To solve for the acceleration of the crate, let's break the problem into key components. We can apply Newton's Second Law of Motion in both the horizontal and vertical directions and account for the forces involved.

Given data:

• Mass of the crate, $m = 20 \, \text{kg}$
• Tension in the handle, $T = 40 \, \text{N}$
• Coefficient of friction, $\mu = 0.14$
• Angle of the handle, $\tan \alpha = \frac{3}{4}$, so $\alpha = \tan^{-1}\left(\frac{3}{4}\right)$
• Gravitational acceleration, $g = 9.8 \, \text{m/s}^2$

Step 1: Resolve forces in the horizontal and vertical directions

1. Vertical direction (up and down):

   • The vertical forces acting on the crate are the weight of the crate, the normal force, and the vertical component of the tension force.
   • The weight of the crate is $W = mg = 20 \times 9.8 = 196 \, \text{N}$ downward.
   • The vertical component of the tension in the rope is $T_v = T \sin \alpha$.
   • The normal force $N$ acts upward.

   Using the trigonometric relation $\sin \alpha = \frac{3}{5}$ (since $\tan \alpha = \frac{3}{4}$, and using the Pythagorean identity $3^2 + 4^2 = 5^2$): $T_v = 40 \times \frac{3}{5} = 24 \, \text{N}$

   The normal force is balanced by the weight of the crate and the vertical component of the tension: $N = W - T_v = 196 - 24 = 172 \, \text{N}$

2. Horizontal direction (left and right):

   • The horizontal forces acting on the crate are the horizontal component of the tension force and the frictional force opposing the motion.
   • The frictional force is given by $f_{\text{friction}} = \mu N = 0.14 \times 172 = 24.08 \, \text{N}$.
   • The horizontal component of the tension is $T_h = T \cos \alpha$.
   • Using $\cos \alpha = \frac{4}{5}$, we get: $T_h = 40 \times \frac{4}{5} = 32 \, \text{N}$

Step 2: Apply Newton’s Second Law

Now, we apply Newton's Second Law in the horizontal direction to find the acceleration.

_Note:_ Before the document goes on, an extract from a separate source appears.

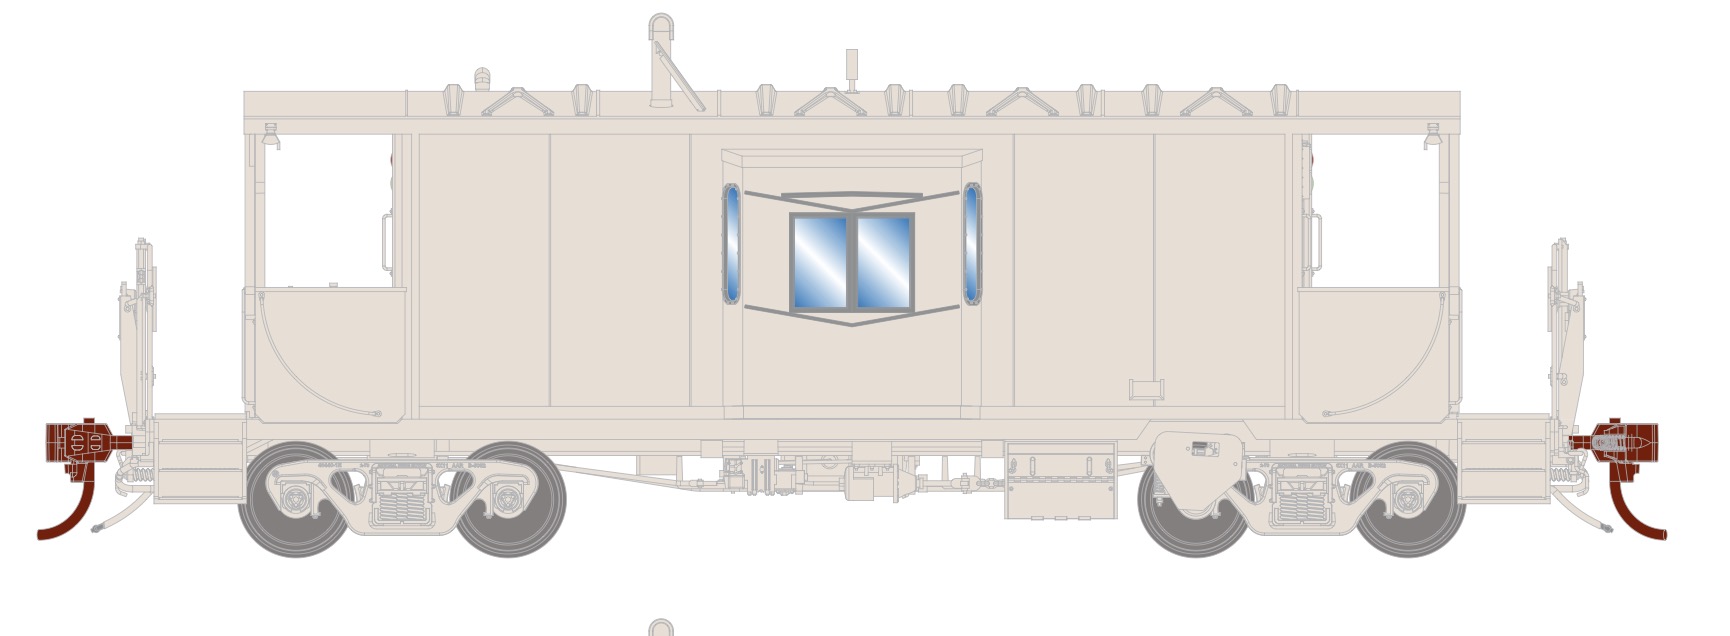 N Scale - Athearn - 1651 - Caboose, Bay Window, CA-11a - Undecorated

The net force $F_{\text{net}}$ in the horizontal direction is the difference between the horizontal component of the tension and the frictional force: $F_{\text{net}} = T_h - f_{\text{friction}} = 32 - 24.08 = 7.92 \, \text{N}$

Using Newton's Second Law $F_{\text{net}} = ma$, we can solve for the acceleration $a$: $a = \frac{F_{\text{net}}}{m} = \frac{7.92}{20} = 0.396 \, \text{m/s}^2$

Final Answer:

The acceleration of the crate is approximately $0.40 \, \text{m/s}^2$.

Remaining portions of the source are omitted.